CAMBIAMENTO INTERIOREBenché il messaggio del buddismo contenga molta attenzione ai bisogni della comunità, secondo gli studiosi non può certamente essere considerato una dottrina di cambiamento sociale. Come sottolinea Giorgio Renato Franci, Siddhartha non si è mai proclamato sovrano del mondo né depositario della parola di Dio. Al Buddha, infatti, interessa principalmente la trasformazione degli uomini in esseri “svegliati”, capaci di raggiungere la felicità attraverso un percorso interiore, e non tramite un cambiamento degli assetti sociali. Non a caso, pur avendo avuto un’espansione concentrata nel continente asiatico, la religione buddista ha trovato terreno fertile in contesti molto diversi tra loro, dal punto di vista economico e sociale: in Giappone o in Corea, cioè in nazioni industriali avanzate che hanno sposato il capitalismo moderno, così come in Paesi ancora in via di sviluppo o prevalentemente agricoli come la Cambogia, il Laos o lo Sri Lanka. C’è poi un altro fenomeno significativo che ha fatto molto discutere negli ultimi anni: il progressivo diffondersi del buddismo in Occidente, dove raccoglie sempre più adepti (si parla di almeno 75 mila fedeli soltanto in Italia e di milioni di persone in Europa e negli Stati Uniti). Secondo diversi studiosi, un contributo significativo a questa penetrazione è giunto dal crescente rifiuto di molti dogmatismi religiosi e ideologici, oltre che dalla globalizzazione delle culture e dal sempre più intenso contatto con l’Asia.
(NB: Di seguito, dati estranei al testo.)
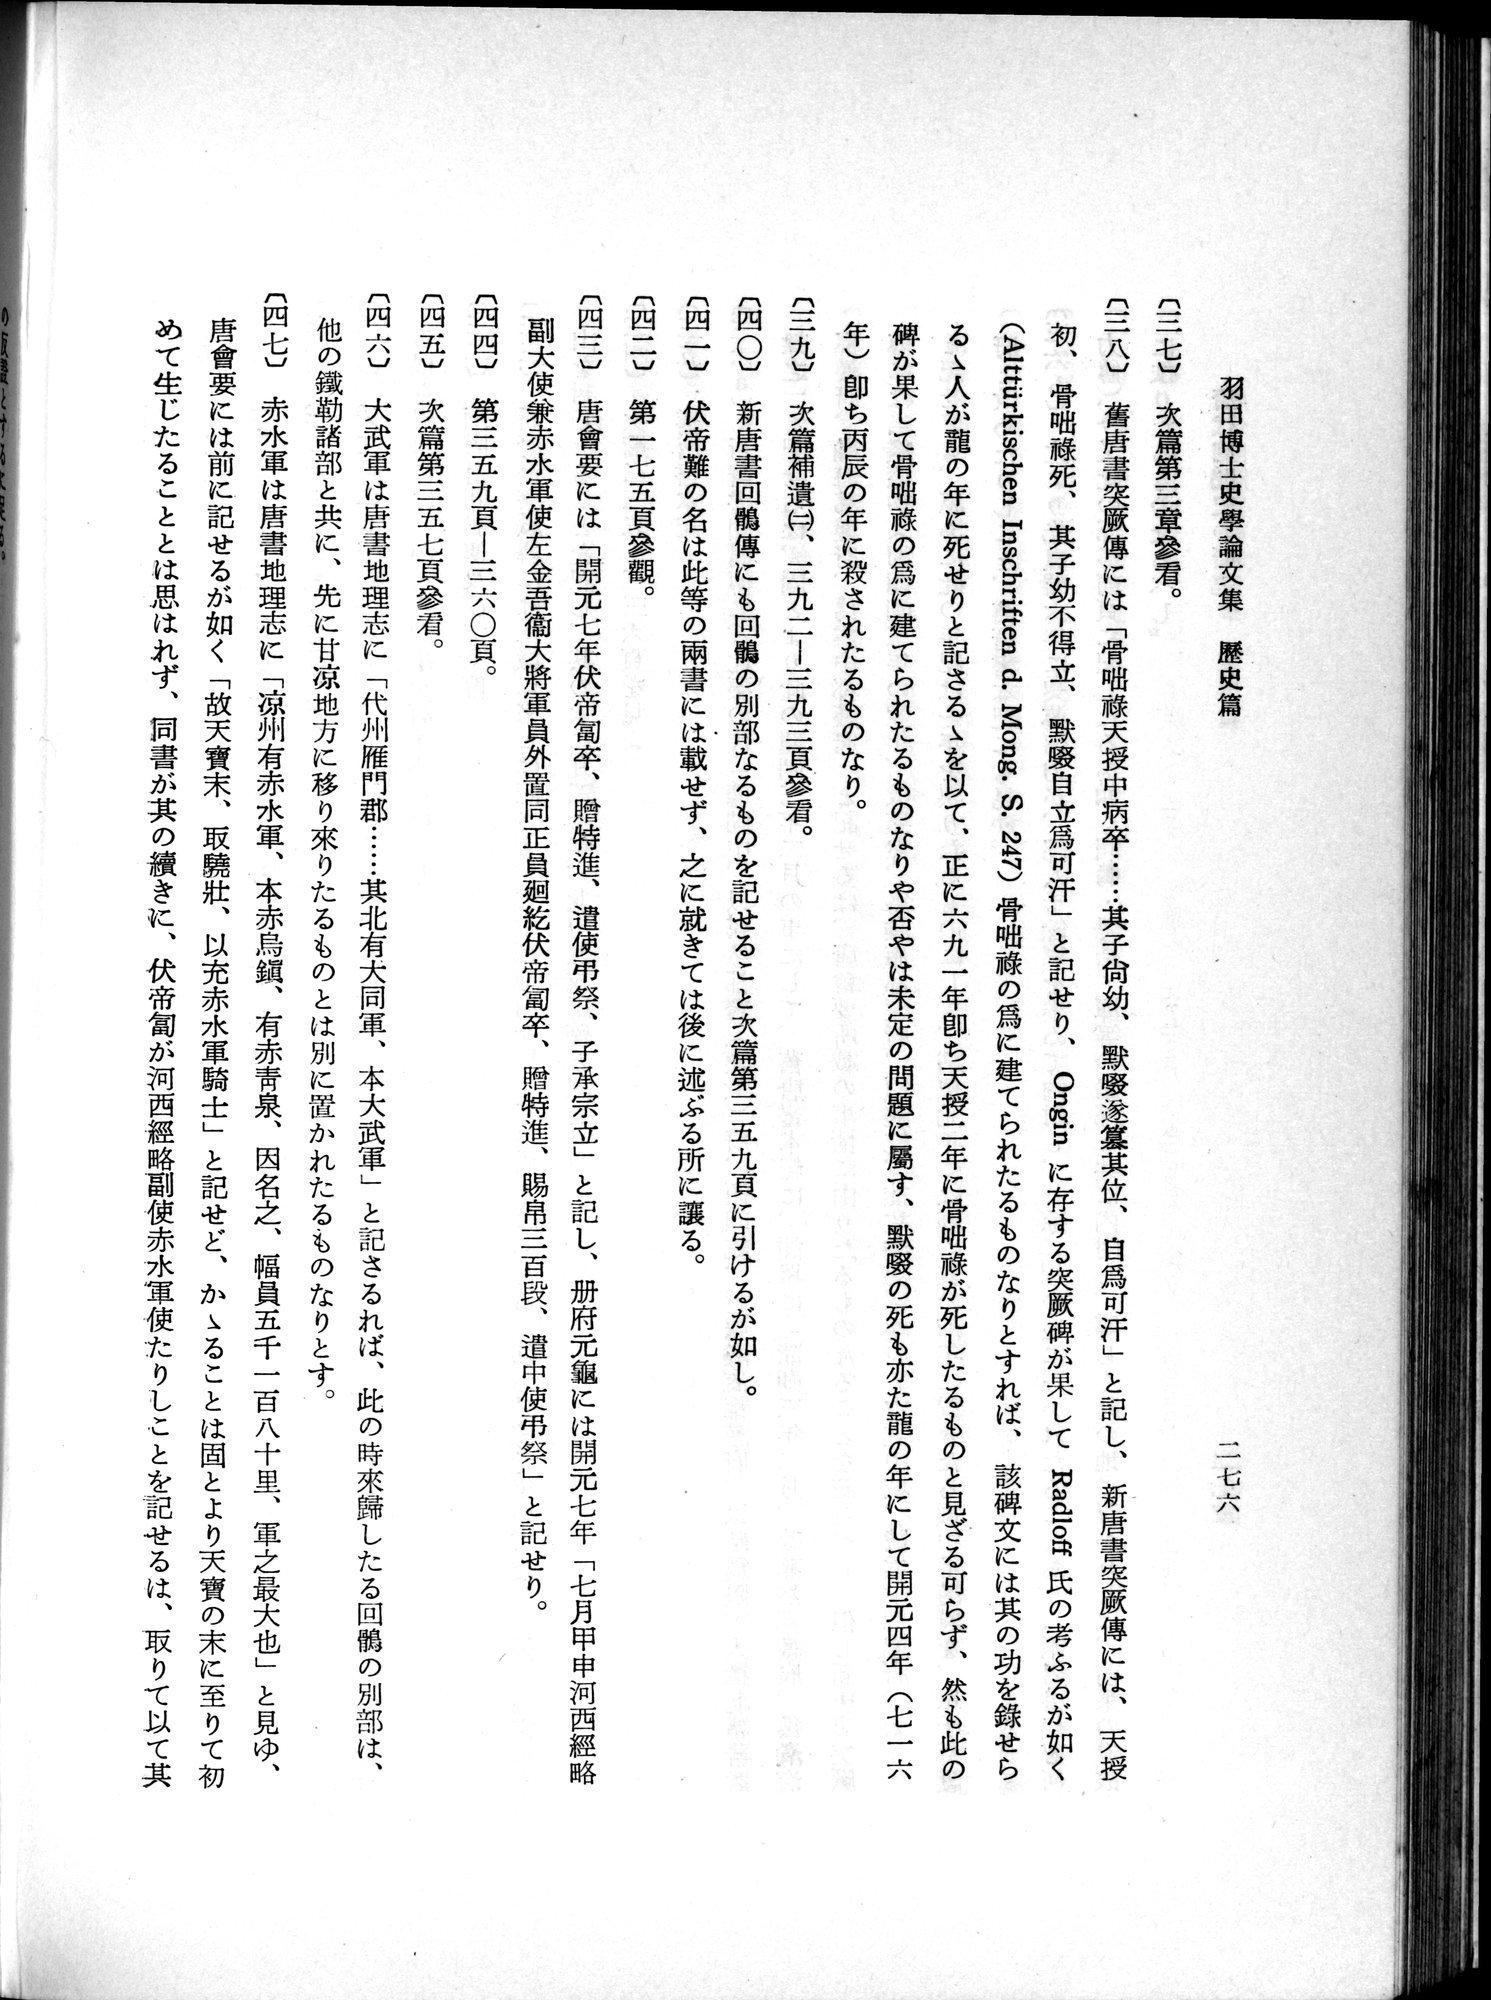 羽田博士史学論文集 : vol.1 / Page 314 (Grayscale High Resolution Image)

Ma c’è anche chi, come il filosofo croato Slavoj Zizek, ha bollato queste infatuazioni dell’Occidente per la spiritualità orientale come «cose utili soltanto a vendere giornali o prodotti al supermercato». In pratica, il diffondersi del buddismo (ma anche del taoismo) secondo Zizek non sarebbe altro che un surrogato dell’ideologia dominante del tardo-capitalismo, ormai affermatosi su scala globale. In un sistema economico come quello attuale, che provoca enormi sconvolgimenti sociali e costringe a sopportare stili di vita troppo veloci dettati dal progresso tecnologico, la scoperta della spiritualità orientale appare dunque come una sorta di consolazione, un piccolo rimedio contro lo stress, per conservare un po’ di pace interiore e serenità. Questo, almeno, è quello che pensa Zizek.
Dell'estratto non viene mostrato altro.